In conventional machine learning approaches, results of computational learning theory states that we can bound generalization loss \(\mathcal{L}_{p}~(h)\) with using empirical loss \(\mathcal{L}_{D}~(h)\) (for further detail check a brief introduction to ML series), empirical rademacher complexity of hypothesis class and some confidence related constant.
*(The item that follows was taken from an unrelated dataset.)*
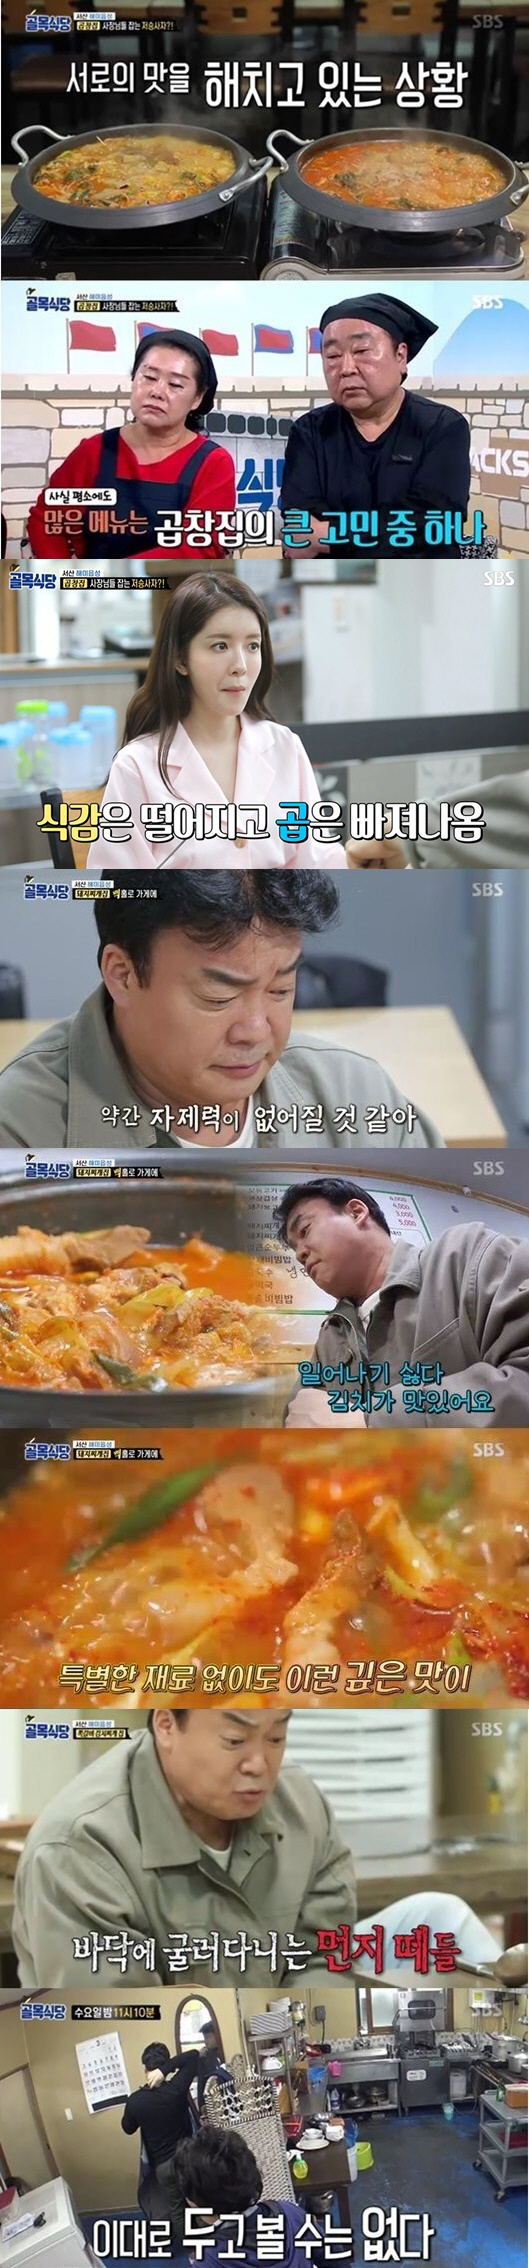 ‘골목식당’ 새 MC 정인선의 첫 시식평 “샴푸향이 나요..” ‘7.9%’ 최고의 1분

Using the inequality (13) in [3] and without being too strict, we can write

\[\mathcal{L}_{p}~(h) \leq \mathcal{L}_{D}~(h) + \widehat{Rad_{n}}~(\mathcal{H}) + C(\delta,n) \tag{7}\]which indicates that discrepancy between generalization loss and training loss is constrained by empirical rademacher complexity.

\[\mathcal{L}_{p}~(h) - \mathcal{L}_{D}~(h) \leq \widehat{Rad_{n}}~(\mathcal{H}) + C(\delta,n) \tag{8}\]That is to say if a hypothesis class with high complexity is used, \(\widehat{Rad_{n}}~(\mathcal{H})\) approaches to 1 and difference between training and generalization loss diverge according to (8) so that overfitting occurs. For this reason it is expected that if a hypothesis class is too complex and able to memorize all the training data (\(\mathcal{L}_{D}~(h) \to 0\)), then it generalizes poorly in case the amount of training data is insufficient. However, it is known that deep neural networks generalize well despite the fact that they are shown to be able to even memorize random data in [2]. This indicates that our customary understanding of generalization doesn’t exactly holds for deep neural networks and a new point of view is due.

## References

[1] Peter L. Bartlett and Shahar Mendelson, “*Rademacher and Gaussian complexities: Risk bounds and structural results*”, Journal of Machine Learning Research, 2002.

[2] Chiyuan Zhang, Samy Bengio, Moritz Hardt, Benjamin Recht, Oriol Vinyals, “*Understanding Deep Learning Requires Rethinking Generalization*”, ICLR, arXiv:1611.03530, 2017.

[3] Pirmin Lemberger, “*On Generalization and Regularization in Deep Learning*”, arXiv:1704.01312, 2017.